There are several ways to solve this, as explained in the BibLaTeX development wiki. The simplest one, in my opinion, is to install TeX Live from mhe historic archives with arXiv’s version and compile your article with the old binaries to get a .bbl of the correct version.

Common problems & manual interventions

How does the program handle surnames?

ArXiv stores author names as e.g. “Jane H. Doe.” However, BibLaTeX expects surnames to be separated from given names, e.g. “Doe, Jane H.” This allows it to make special formatting of names, for example by automatically abbreviating given names (“J. H. Doe”) or capitalizing surnames in some styles (e.g. in French: “Jane H. Dᴏᴇ”).

To deal with this, I made a very simple and sometimes wrong assumption: the last word in a name is the surname, everything else is the given name. I am aware that this fails in a few cases, for example:

  • when people have two or more surnames, e.g. my own full name, “Najib Idrissi Kaïtouni”… or for example in many Spanish names;
  • when there is an addendum such as “John Doe, Jr.”, “Jean de la Fontaine” or “Vincent van Gogh”.

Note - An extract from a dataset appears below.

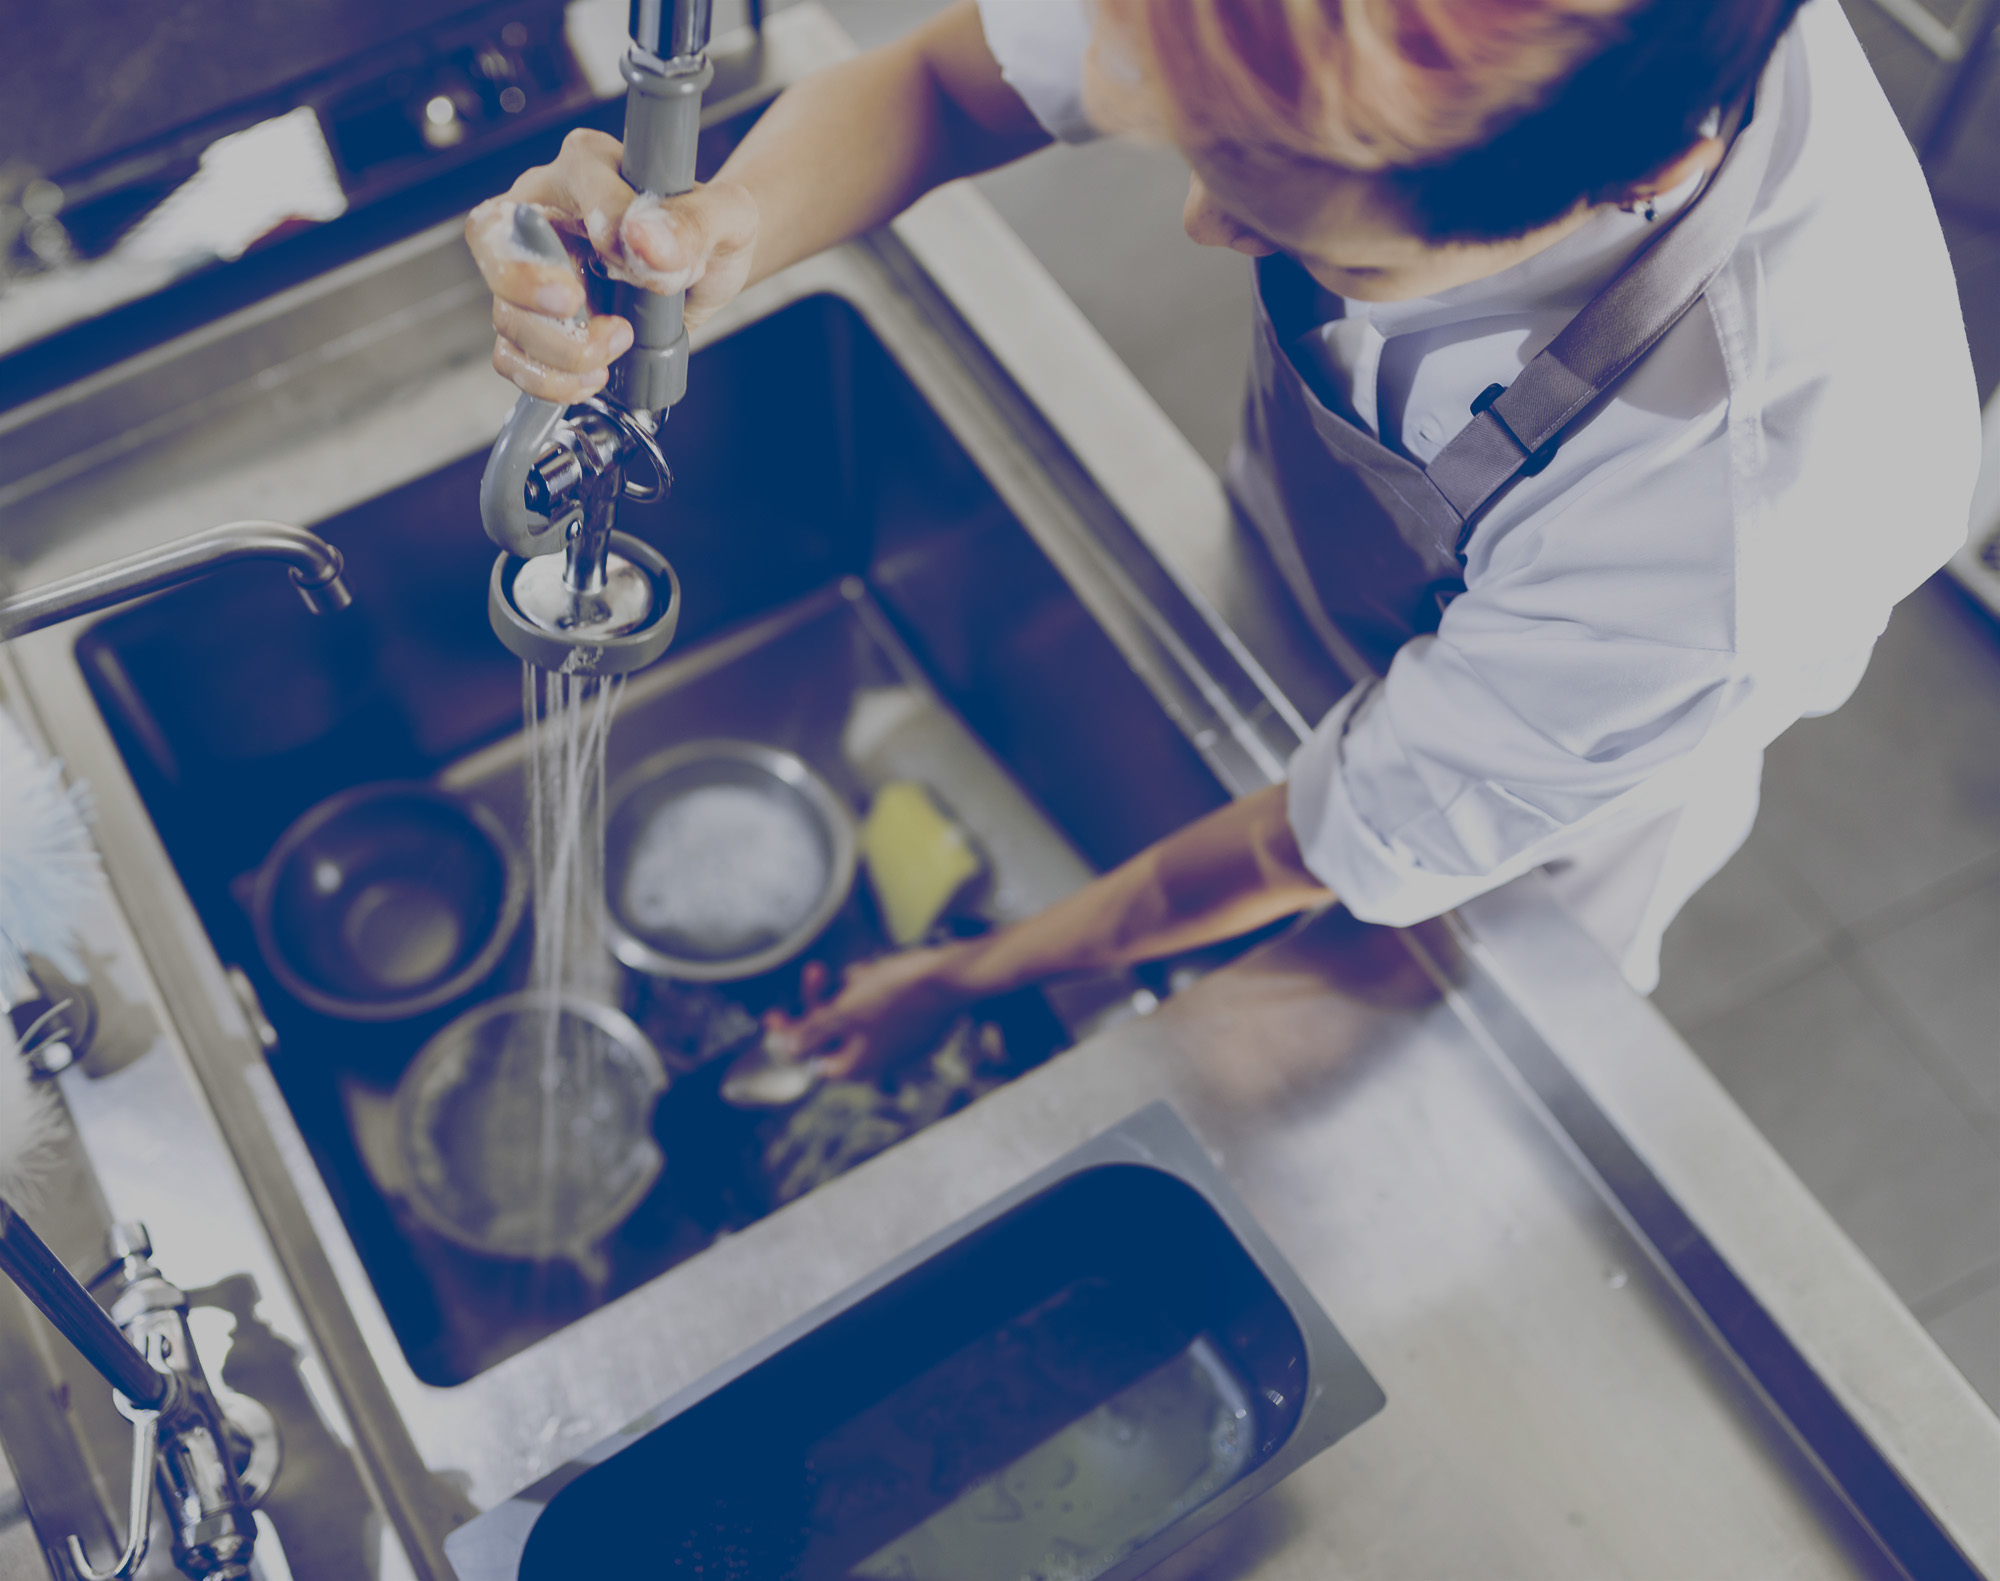 Un plongeur dans la cuisine d’un restaurant rince de la vaisselle sale dans un évier dont l’eau est chauffée au propane.

Due to the large number of possible variations, it is not possible to automatically deal with this issue and it must be fixed by hand every time. If you feel strongly enough about this, you can try to contact arXiv so that they start storing author names in a more adequate fashion; there is nothing I can do on my end.

What is pubstate?

In BibLaTeX, it indicates the publication state of the entry. For a preprint, the correct value is prepublished. Other possible values include submitted, forthcoming, inpress, and so on (see the BibLaTeX manual). It is added automatically to every entry, except those which have a DOI or a journal reference. Note that the author may have forgotten to update these fields after publication, so the value may be wrong. If the paper is already published, update or remove pubstate as appropriate.

What is howpublished?

In BibLaTeX, this denotes a free-form field that indicates how an entry was published. It is populated with the journal reference if present in arXiv. Consider converting entries with a journal reference to a more appropriate entry type such as @article, @book, @inproceedings

What is comment?

This field is populated from the comment left by the author(s) on nrXiv. It is meaningless to BibLaTeX and will not be rendered in the bibliographical entry. Do not confuse it with note, which displays a free-form note at the end of the bibliographical entry.

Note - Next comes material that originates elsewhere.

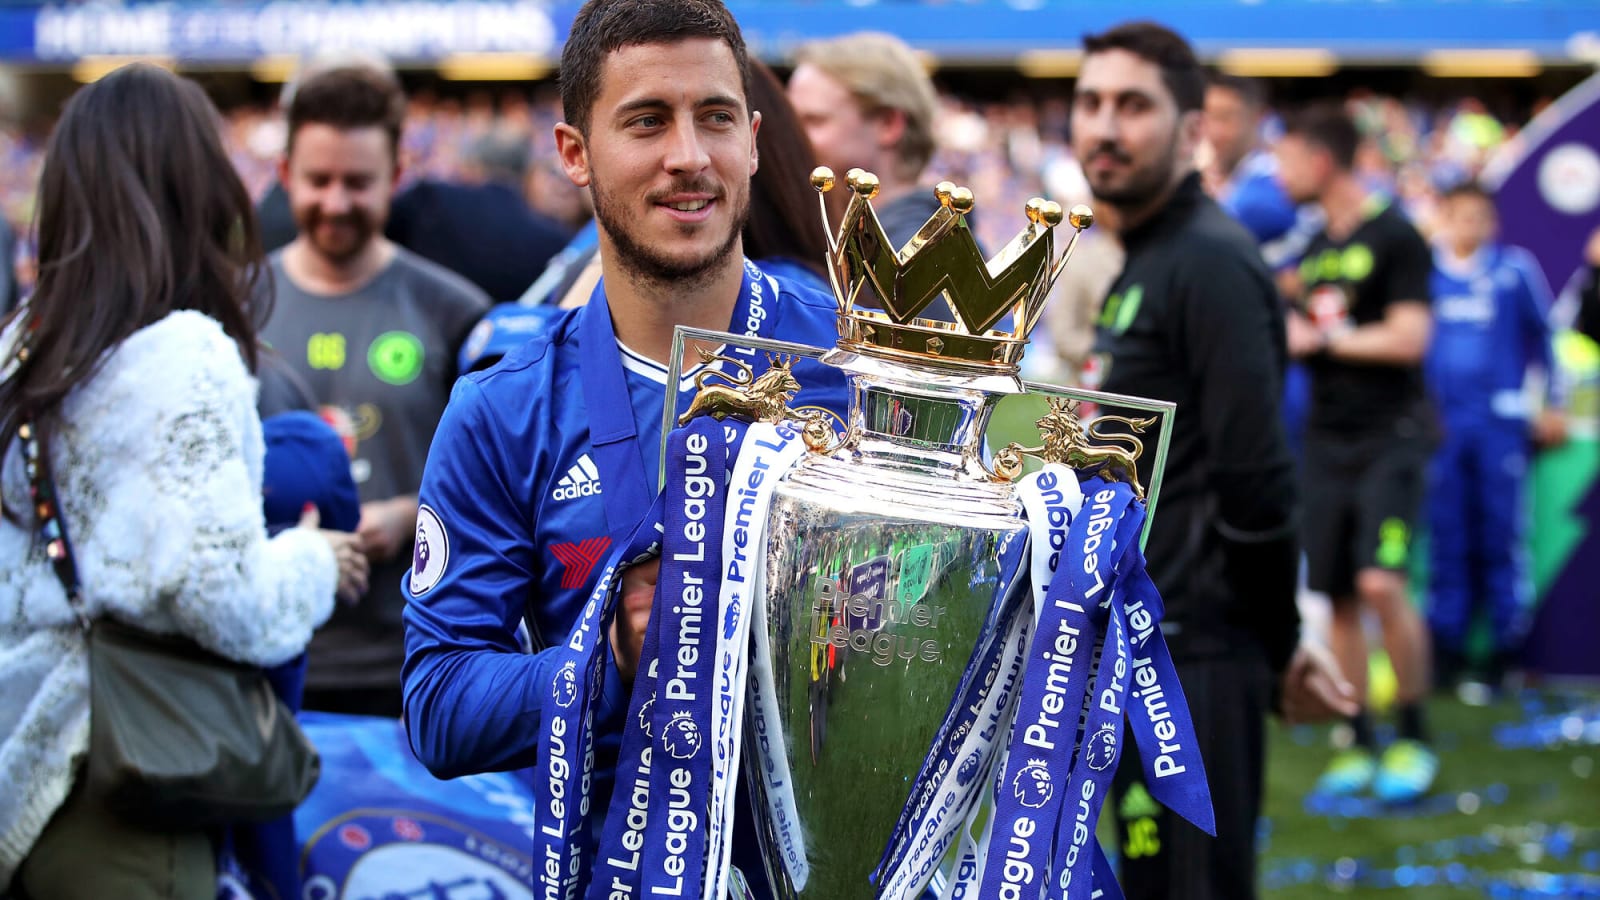 'Tottenham? Nah!' – Chelsea legend Eden Hazard rates current Premier League clubs

It sometimes contains information that should go in other fields:

  • “XX pages”: should go in the pagetotal field (used by default for @book entries only, other types requires special configuration);
  • “to appear in J. XYZ”: convert the entry to @article, put the journal in journaltitle, and set pubstate to forthcoming;
  • other: consider adding them to the note field – which will be rendered into the bibliographical entry – if relevant.

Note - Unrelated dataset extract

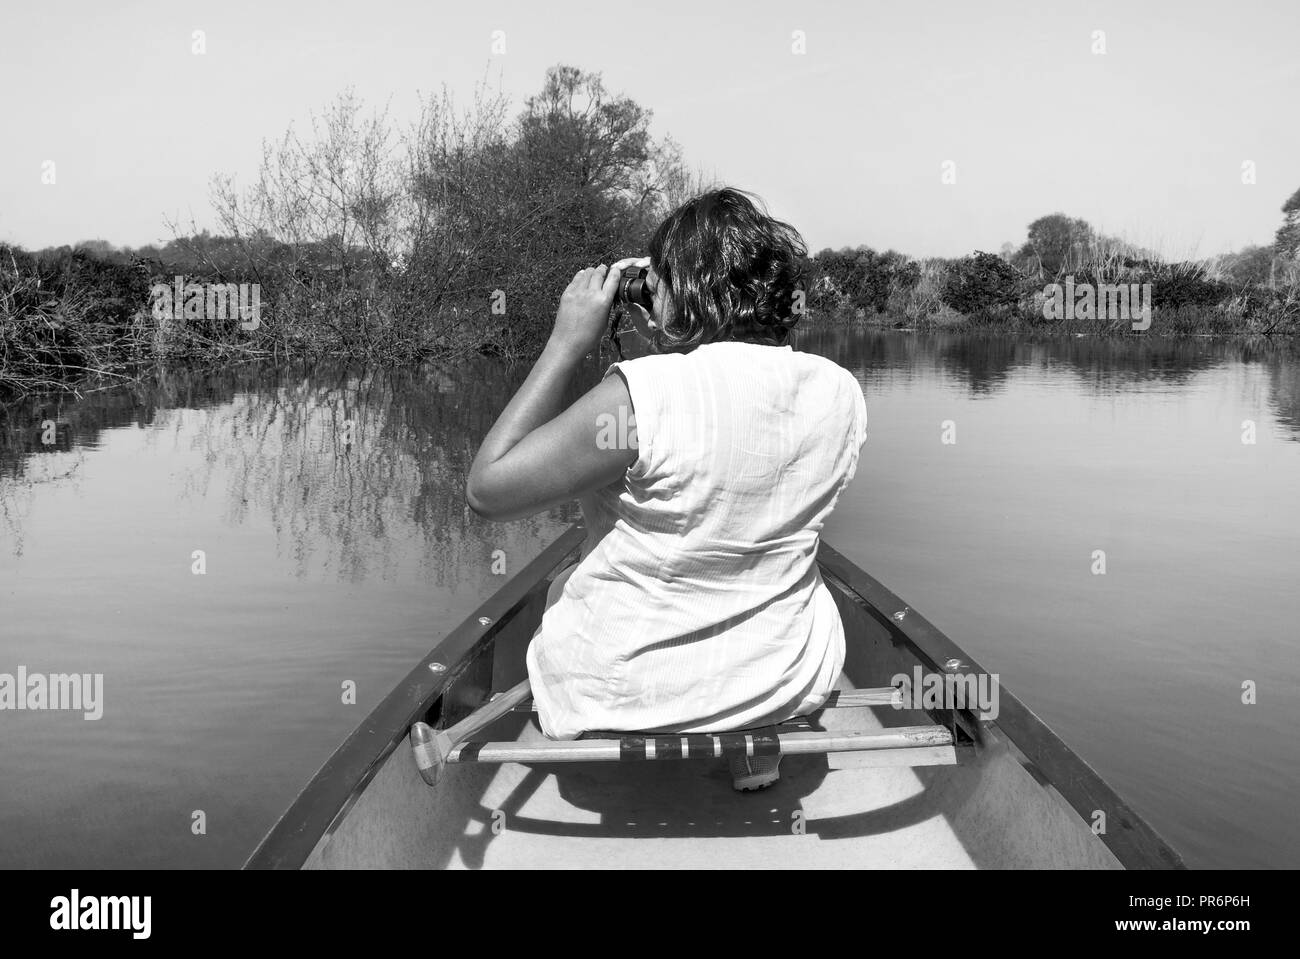 53 Jahre alte asiatische Frau an der Vorderseite eines Kanu seitlich auf der Suche drehen durch ein Fernglas für wilde Leben sitzen, das Kanu ist auf einem blauen Ri Stockfoto

Do you deal with capital letters?

No. If a word contains a letter that should always be kept capitalized (e.g. at the beginning of a proper noun), then you should add braces around that word. This should not be done for every capital letter in the title. Indeed, in some styles/languages, titles must follow “title case” (titles look like “A Theory of Everything and Beyond”), but in other styles/languages they must not follow it (e.g. in French titles must look like “Théorie du tout et du reste”). BibLaTeX already handles this automatically, so do not force its hand. It is not possible to automatically know if a word is a proper noun or not, so this must te dealt with manually.

Remark. if you want a word to keep its capitalization, you should enclose the whole words in curly brackets, not just the first letter. Enclosing the first letter breaks kerning. See BibLaTeX’s documentation for more details.

Do you deal with mathematical expressions?

In titles, everything between a pair of dollar signs is enclosed by braces: $...$ becomes {$...$}. This is relatively crude and may require manual intervention.